Добавить в цитаты Настройки чтения

Страница 102 из 111

— У нас биография не та. С нашим поросячьим рылом да рябину клевать?.. Человек — человеку — друг, товарищ и брат? Какой он мне брательник — тот, что в шляпе? Он на трибуну закорячится: «коры»-шевро! спинжак-бостон! А у меня с Дуськой — одна пальта на двоих.

Мирза ехидничал:

— Арачку лакай меньше.

— Как ее не пить?— изумлялся Рыжий. — Без нее — одна муть в голове.

Обижался на Мирзу:

— Что я — алкаш? Не больше других принимаю. Кто сейчас не пьет? Фраера да разная культурная сволочь? Да они пуще нашего хлещут... Прячутся только.

За исключением бригадира и Ростислава читатели в бригаде отсутствовали.
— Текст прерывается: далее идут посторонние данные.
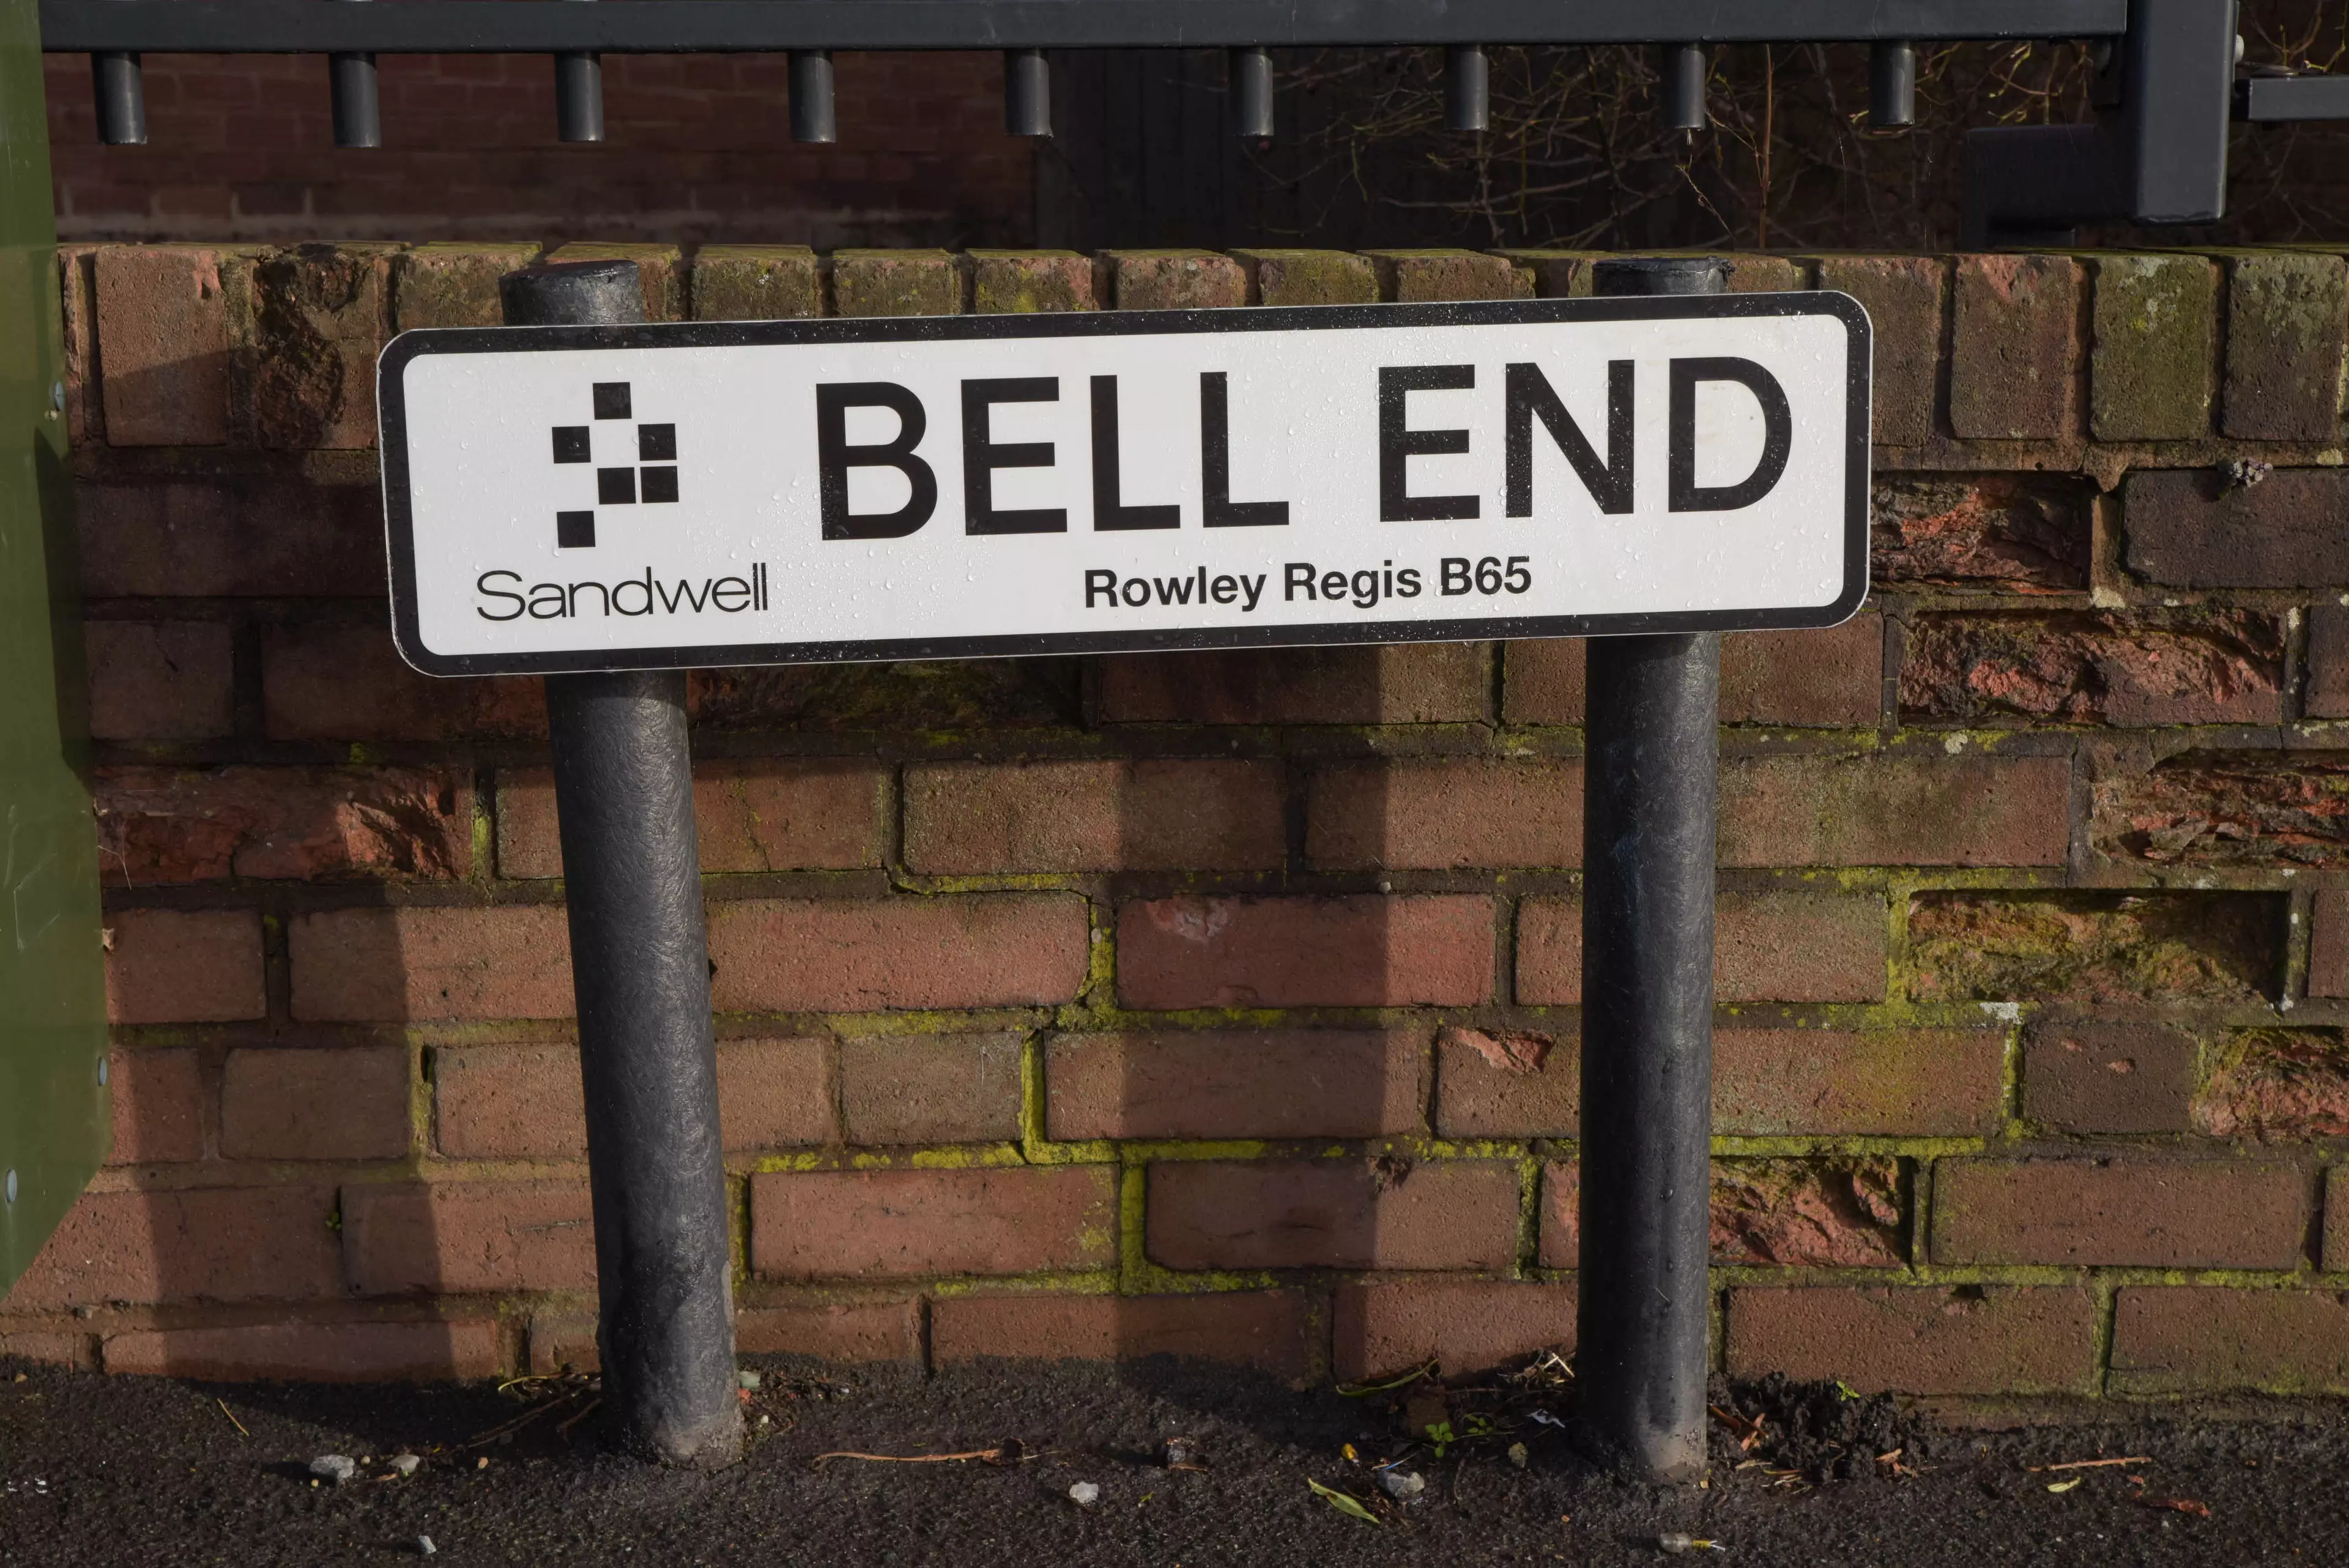 Bell End in Rowley Regis.

Богданов — тот и с прессой обращался по особенному. Изучив газету от первой строчки до последней, он тщательно складывал ее в восьмеро, а затем убирал под тюфяк. Откуда газеты растаскивались мужиками на прямые нужды. А хозяин газет еще долго переваривал прочитанное, внешне этого не выражая...

Встрепенулся он только однажды...

Находившиеся в зимовье заметили как «бугор» налился жаром. В следующее мгновение бригадир поразил мужиков, перечитав внезапно севшим голосом заметку: «Председателем энского райисполкома назначен, — бригадир помедлил, — Федоренко... М... Н. Федоренко…»

Рыжий хмыкнул:

Чо ты, Богданыч, до сраного хохла прицепился? Сродни он тебе што ли?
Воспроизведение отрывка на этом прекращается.